Anchorage AK — First pregnant woman detained by ICE in Alaska wins court-ordered release from Hiland Mountain

Anchorage, AK FIPS 02020
Current status: Federal court ordered temporary release; ICE's own guidance restricts detaining pregnant women; case ongoing in Alaska federal court, no guarantee against re-detention

The Incident

On March 20, 2026, ICE arrested Valeria Mendoza Santiago, a 25-year-old from Oaxaca, Mexico, at a bus stop in Anchorage.

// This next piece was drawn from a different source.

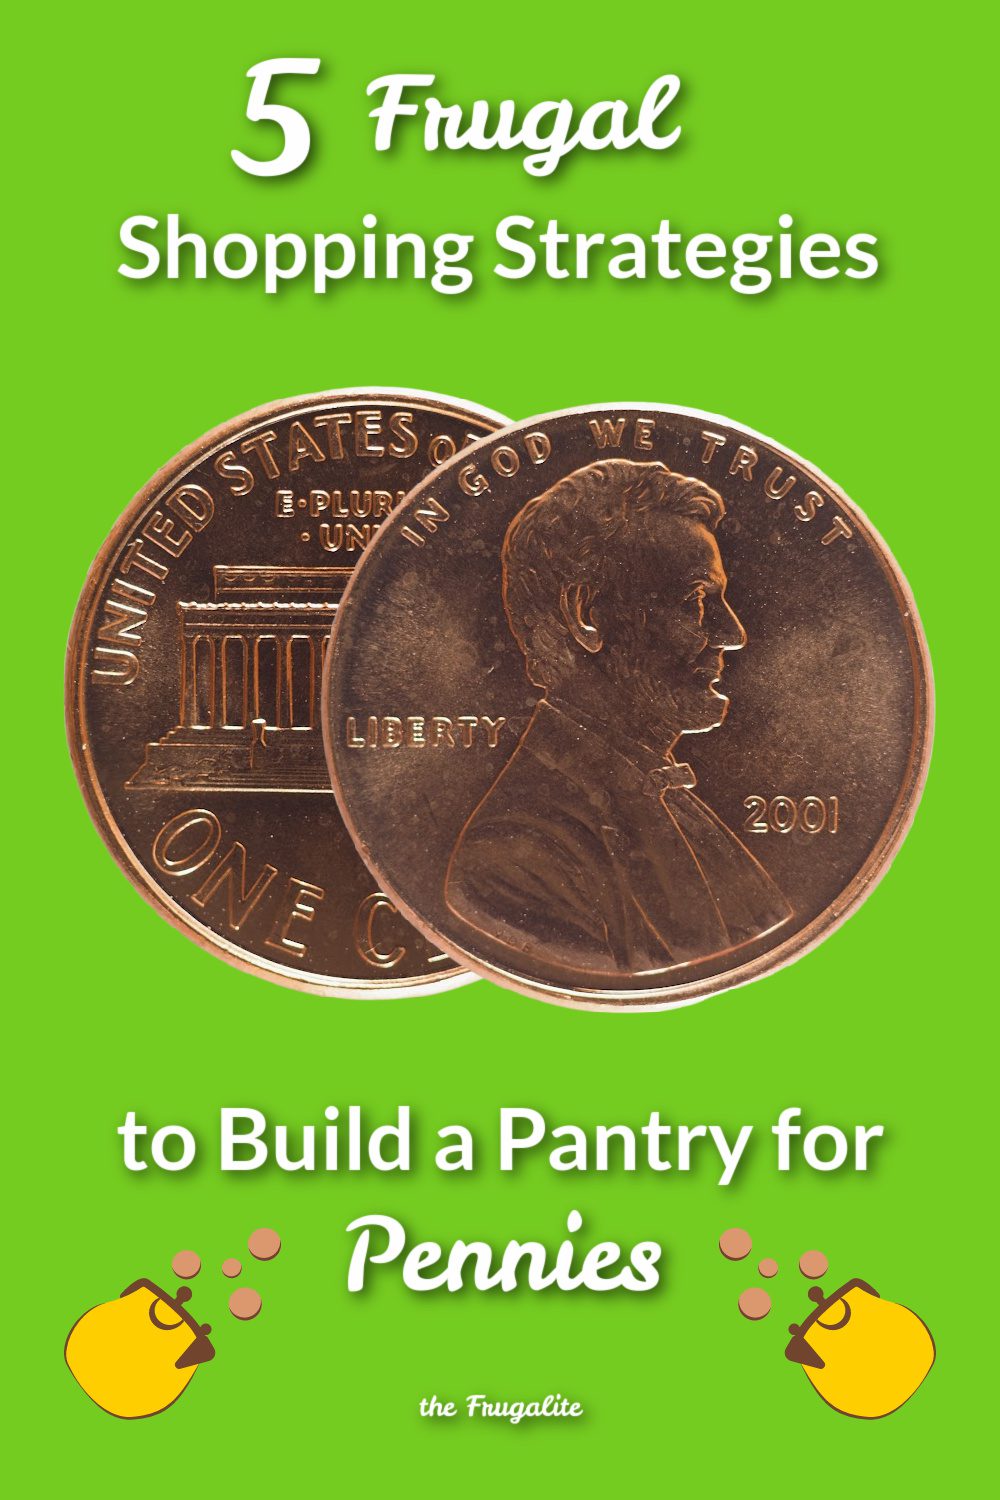 5 Frugal Shopping Strategies to Build a Pantry for Pennies
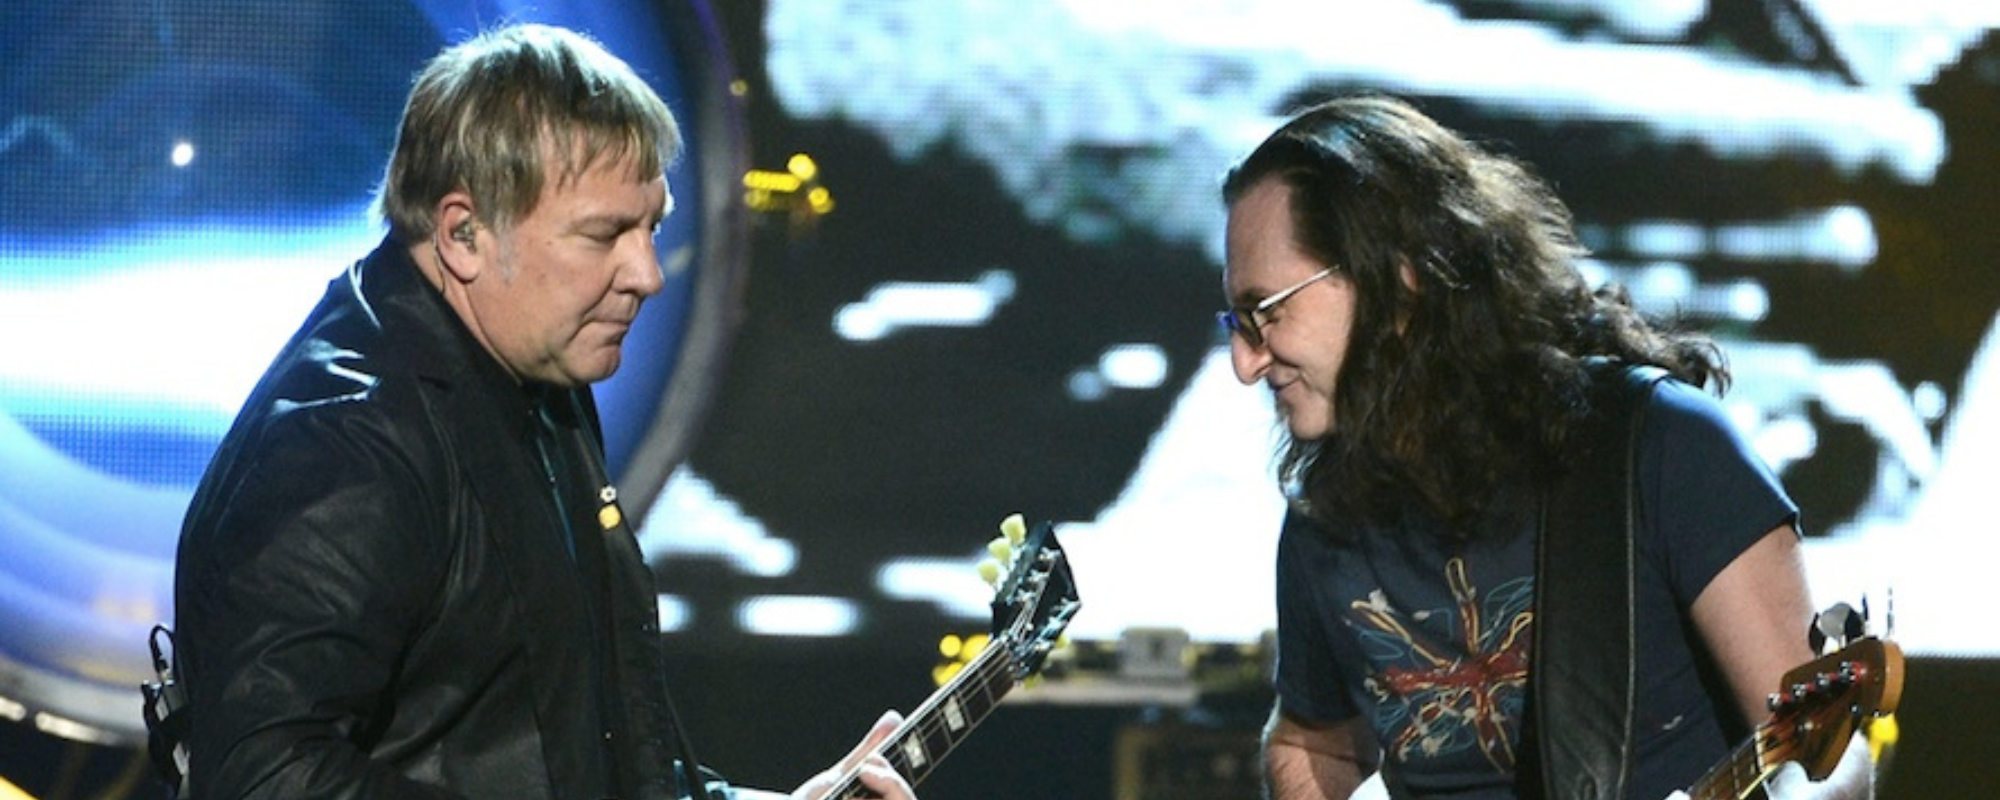 Geddy Lee Suggests He May Be Ready for a Rush Reunion Project with Alex Lifeson

She was several months pregnant — confirmed by ultrasound the day before her arrest.

Key facts:

  • She was transferred to Hiland Mountain Correctional Center in Eagle River (Alaska’s women’s prison, within Anchorage Municipality, FIPS 02020) — a new ICE-use facility distinct from the Anchorage Correctional Complex.
  • She was dressed in prison garb, placed alone in a cell, and told she would be flown out of state to a federal detention center the next day.
  • Her attorneys won a federal court order for temporary release, arguing ICE’s own detention guidelines advise against confining pregnant women except in narrow circumstances.
  • She first entered the U.S. in 2021 near Tijuana to join her husband, who was already living in Alaska.
  • Her husband, Jhony Gonzalez Merino, was detained by ICE in February 2026 and transferred to the Northwest ICE Processing Center in Tacoma, WA.
  • She has a school-age son and fears returning to Mexico due to threats of violence.

Why It Matters

  • First known pregnant woman detained by ICE in Alaska since the enforcement surge began in early 2025 (per her attorneys).
  • ICE policy conflict: ICE’s own guidance states officers “should not detain… individuals known to be pregnant… unless release is prohibited by law or exceptional circumstances exist.” The federal government argued in court this is guidance, not binding law.
  • Expansion of facilities used: Demonstrates ICE/DOC use of Hiland Mountain (women’s prison) in addition to the Anchorage Correctional Complex.
  • Ongoing: Released via court order but in active removal proceedings; attorneys note “the government has made no promise she won’t be detained again.”

Context

Per Alaska DOC, three women were detained by ICE in Alaska in 2026. The case surfaced in an April 21, 2026 ADN/Alaska Public investigation reporting at least 47 ICE arrests in Alaska through April 2026 — roughly one every two days.

Sources

This research is published at The RAMM — investigative reporting on the detention pipeline.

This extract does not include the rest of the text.